The facility, which is located at 400 Kipling Avenue in the New Toronto neighbourhood of Toronto, opened in September 2009. It has four NHL-sized rinks, one of which can be expanded to Olympic dimensions with 1000 seats, as well as extensive training facilities.  According to Mastercard, the arena is "the first community ice facility to be built in the Toronto-area in the last 25 years."

The arena was originally operated by the Lakeshore Lions Club, but in June 2011, with the arena unable to deal with its rising debt and on the verge of defaulting, the City of Toronto decided to take control and assume its $43.4 million debt.  The arena had planned to have a restaurant and sporting goods store at the facility, but were unable to find a tenant leading to the financial difficulties.

The city established the Lakeshore Arena Corporation, an arms-length corporation, on September 8, 2011, to take over the running of the arena, with the intention to return it to private management within 2–3 years. A city councillor suggested that MLSE, which operates BMO Field and the CNE Coliseum on behalf of the city, would be "the logical party" to take over the arena, and a spokesperson for the company said "while we don’t have any interest in purchasing the facility, we are open to discussing the possibility of managing the facility on behalf of the City of Toronto.  MLSE's executive vice president of venues and entertainment Bob Hunter said they would bid for the right to run the building.  After the arena's original loans expired and it was unable to find refinancing, the city provided a short-term loan.  In November 2015, after finding that the debt was unsustainable, the city voted to write off $8.1 million of the $40 million it was owed by the arena.

The arena is used by Hockey Canada for its national teams, as well as by numerous visiting National Hockey League teams.

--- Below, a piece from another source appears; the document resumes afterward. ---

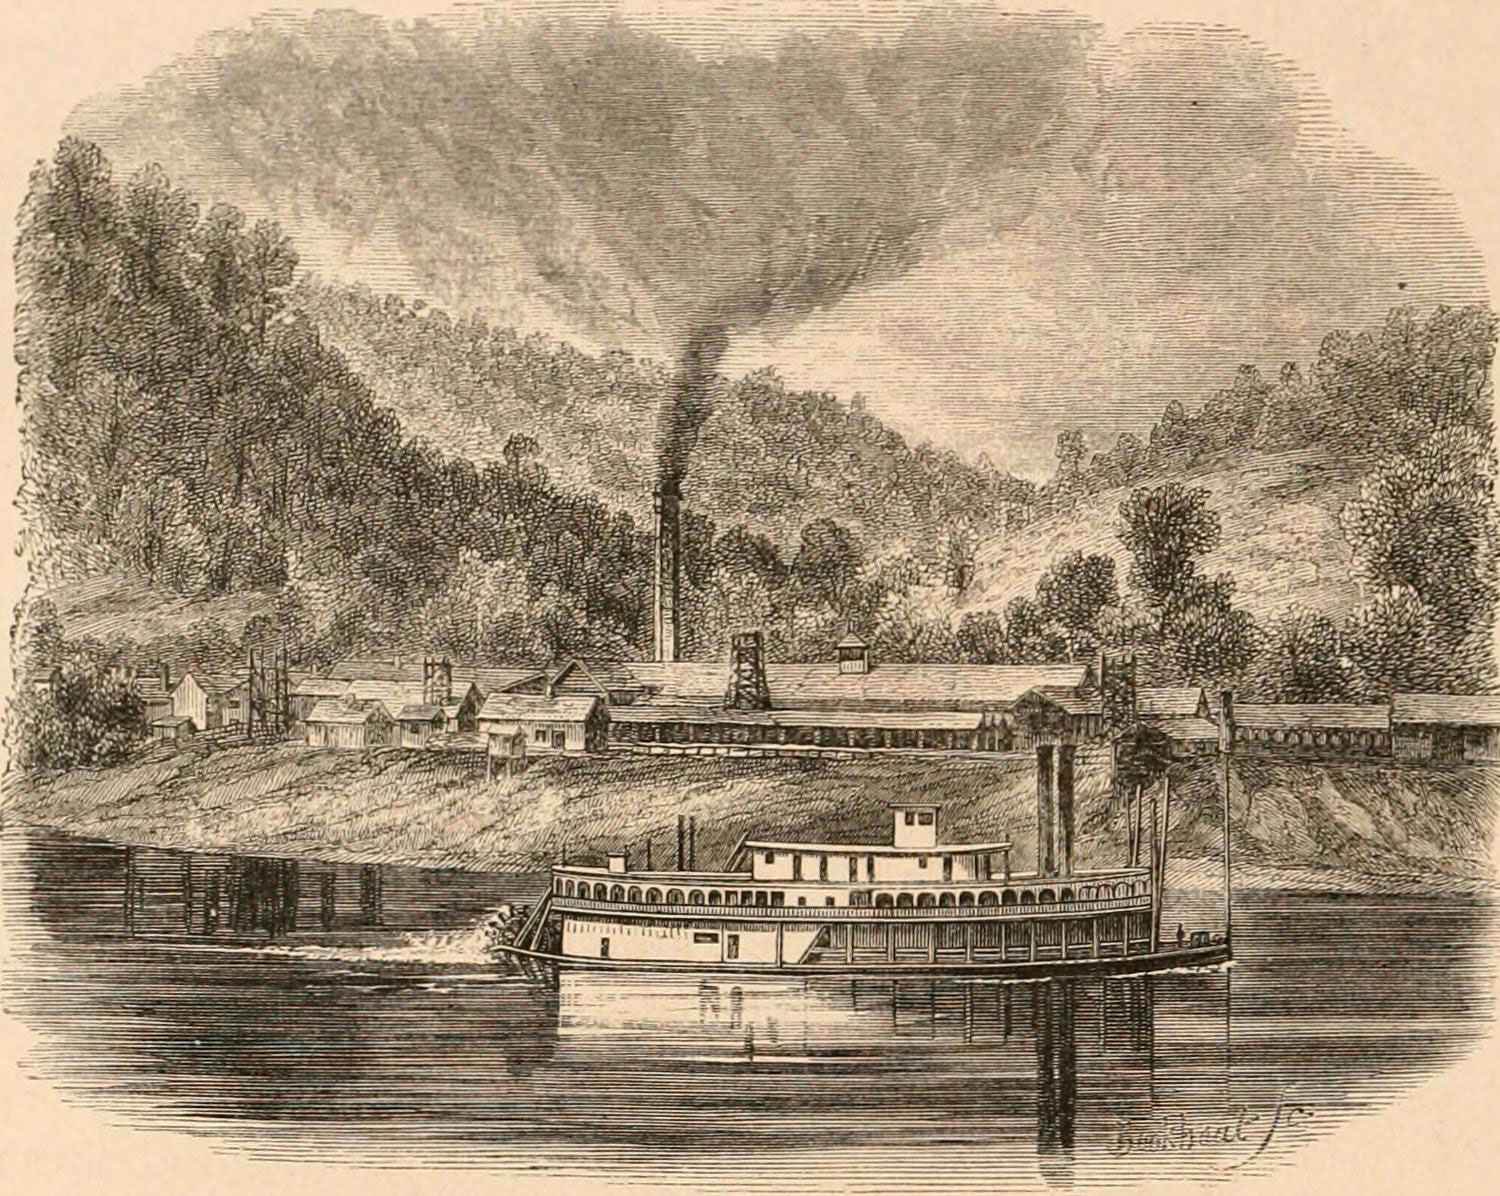 Historical illustration of the Snow Hill Salt Works, Kanawha River, West Virginia.

The NHL Alumni Association is also based at the Ford Performance Centre.

The rink is also available for ice rentals by the public for leagues, tournaments, private rentals and special events. The Faustina Hockey Club offers both community house league and Select Hockey programs at the Ford Performance Centre. On Saturdays from September through June, Ford provides open, free ice skating for families.  In 2011, it was the host venue for the third season of the CBC reality figure skating competition Battle of the Blades, and subsequently hosted the fourth season in 2013.

The venue hosted an international short track competition for the first time in November 2015.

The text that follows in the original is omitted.